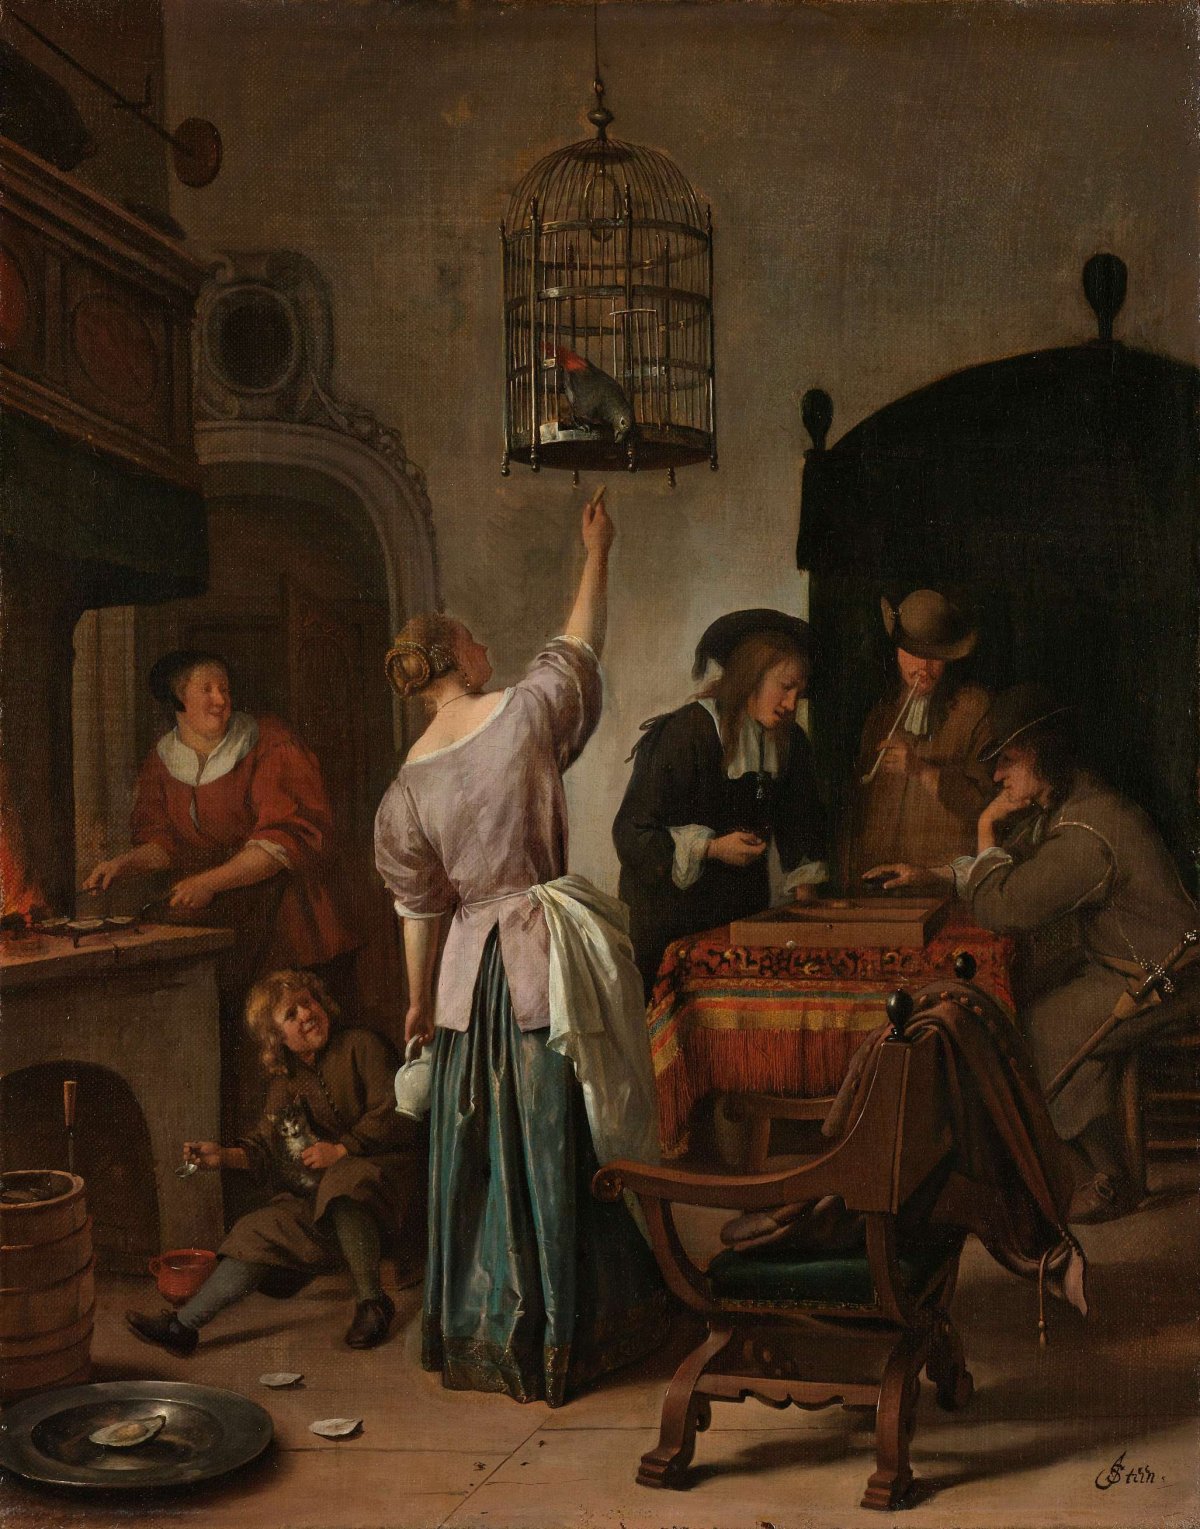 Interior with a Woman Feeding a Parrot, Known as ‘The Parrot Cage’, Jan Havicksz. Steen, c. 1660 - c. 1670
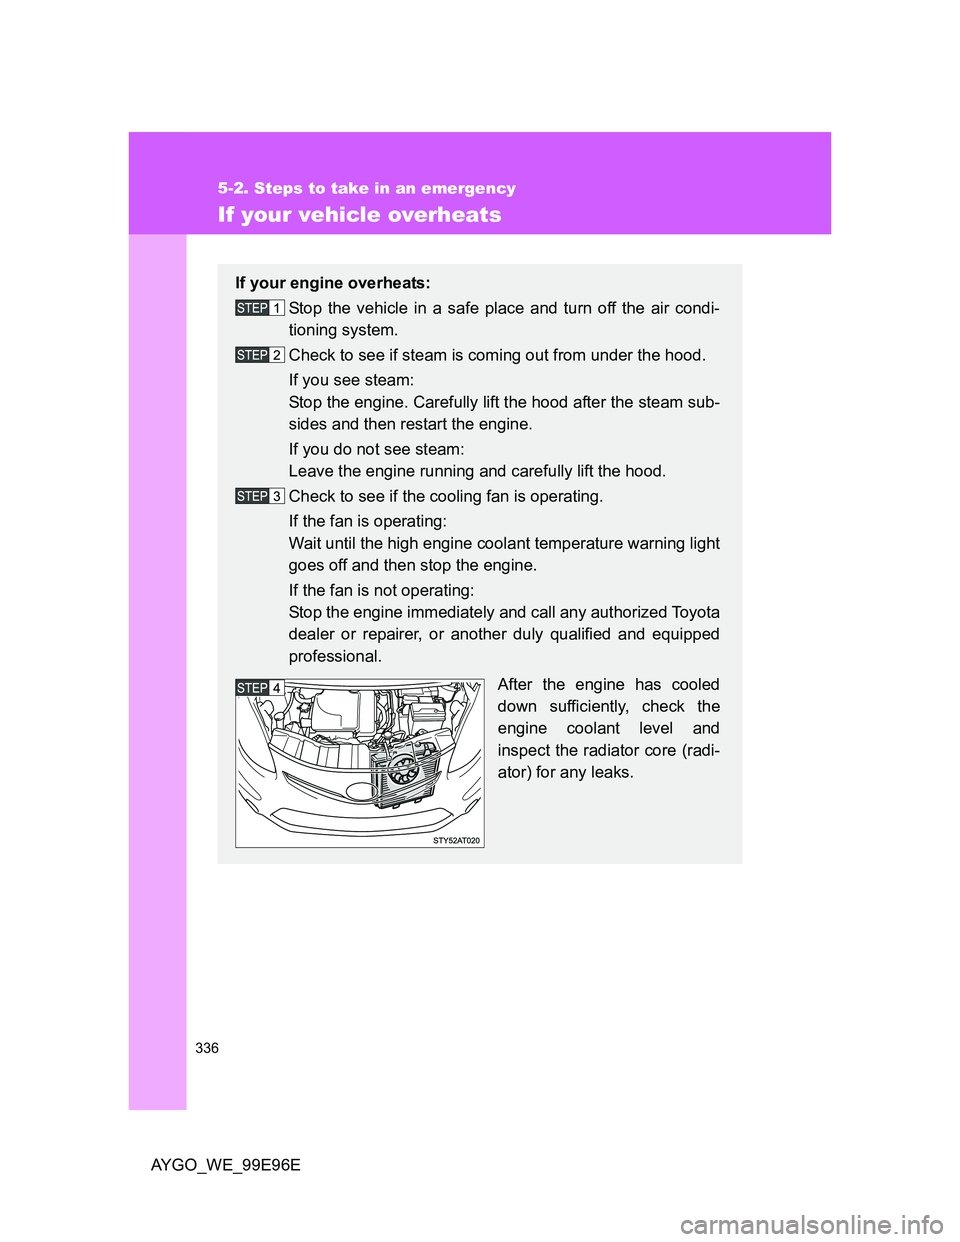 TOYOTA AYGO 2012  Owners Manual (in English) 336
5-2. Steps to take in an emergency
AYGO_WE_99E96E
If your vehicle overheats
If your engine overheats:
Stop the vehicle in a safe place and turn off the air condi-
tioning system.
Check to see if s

◆ ◆ ◆ ◆ ◆

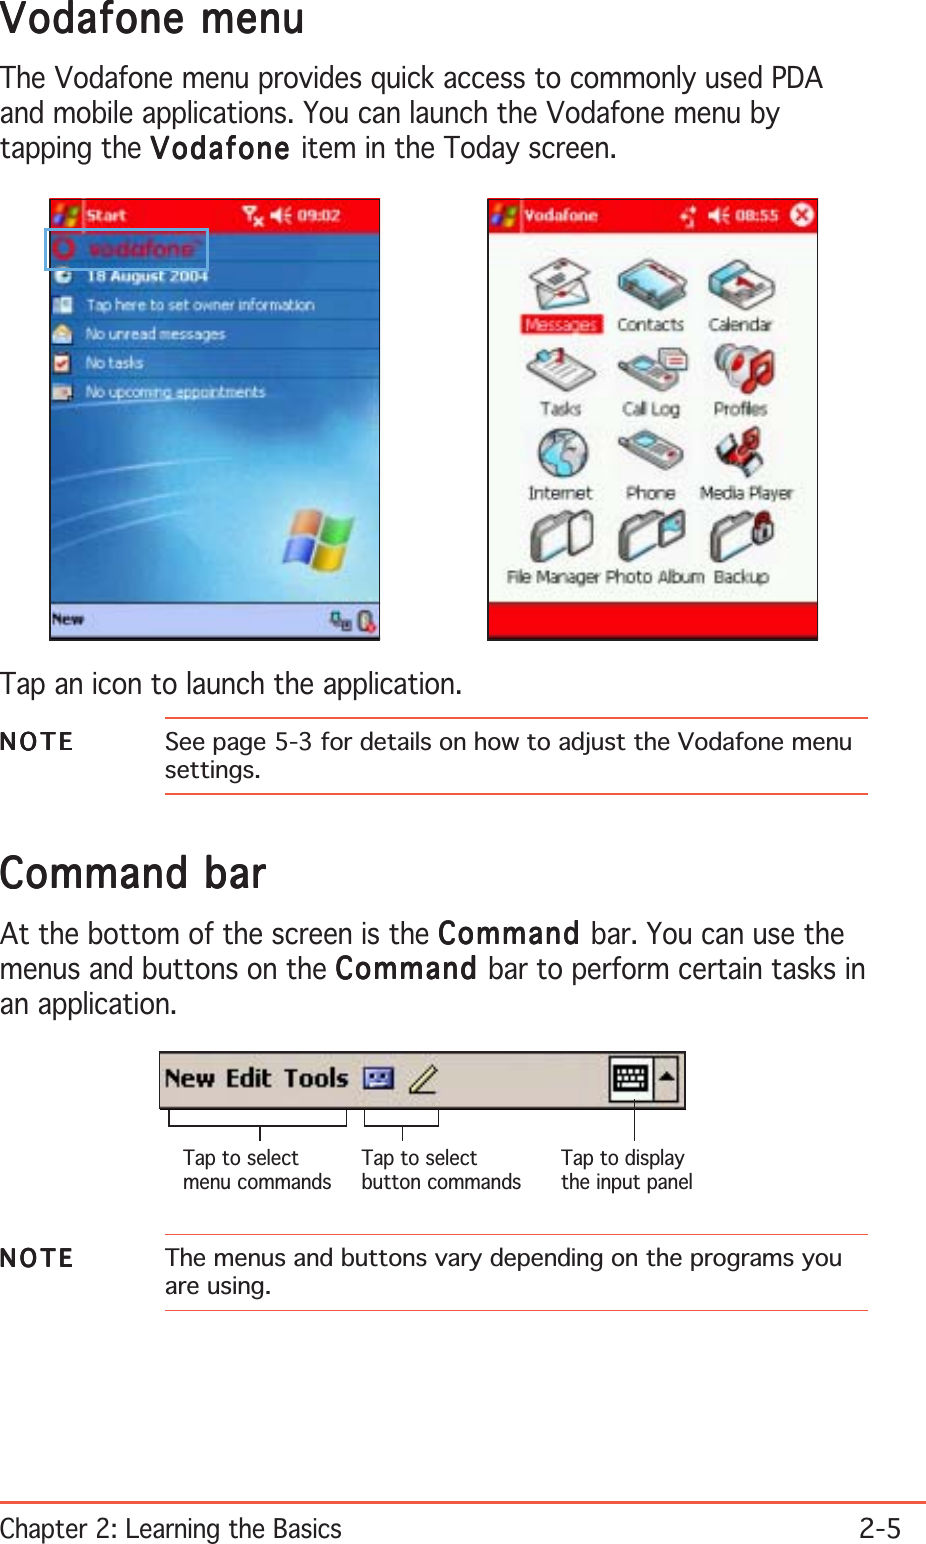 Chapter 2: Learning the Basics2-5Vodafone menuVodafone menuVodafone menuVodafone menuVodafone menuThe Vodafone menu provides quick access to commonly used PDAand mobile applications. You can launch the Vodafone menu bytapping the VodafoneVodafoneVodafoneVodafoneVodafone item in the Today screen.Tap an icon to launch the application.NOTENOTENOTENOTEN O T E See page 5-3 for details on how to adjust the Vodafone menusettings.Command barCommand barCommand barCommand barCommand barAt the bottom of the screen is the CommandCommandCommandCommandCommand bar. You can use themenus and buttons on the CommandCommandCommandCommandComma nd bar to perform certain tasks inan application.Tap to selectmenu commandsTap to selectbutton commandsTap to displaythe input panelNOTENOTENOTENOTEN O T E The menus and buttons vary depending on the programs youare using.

◆ ◆ ◆ ◆ ◆

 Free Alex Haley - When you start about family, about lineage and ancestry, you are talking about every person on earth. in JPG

◆ ◆ ◆ ◆ ◆

- **PROBLEM DETAILS**: Once the line with "AYGO_WE_99E96E" is found in the records above, print exactly that line and every line after it through the line with "Check to see if s".

- **WRITTEN REPLY**:
AYGO_WE_99E96E
If your vehicle overheats
If your engine overheats:
Stop the vehicle in a safe place and turn off the air condi-
tioning system.
Check to see if s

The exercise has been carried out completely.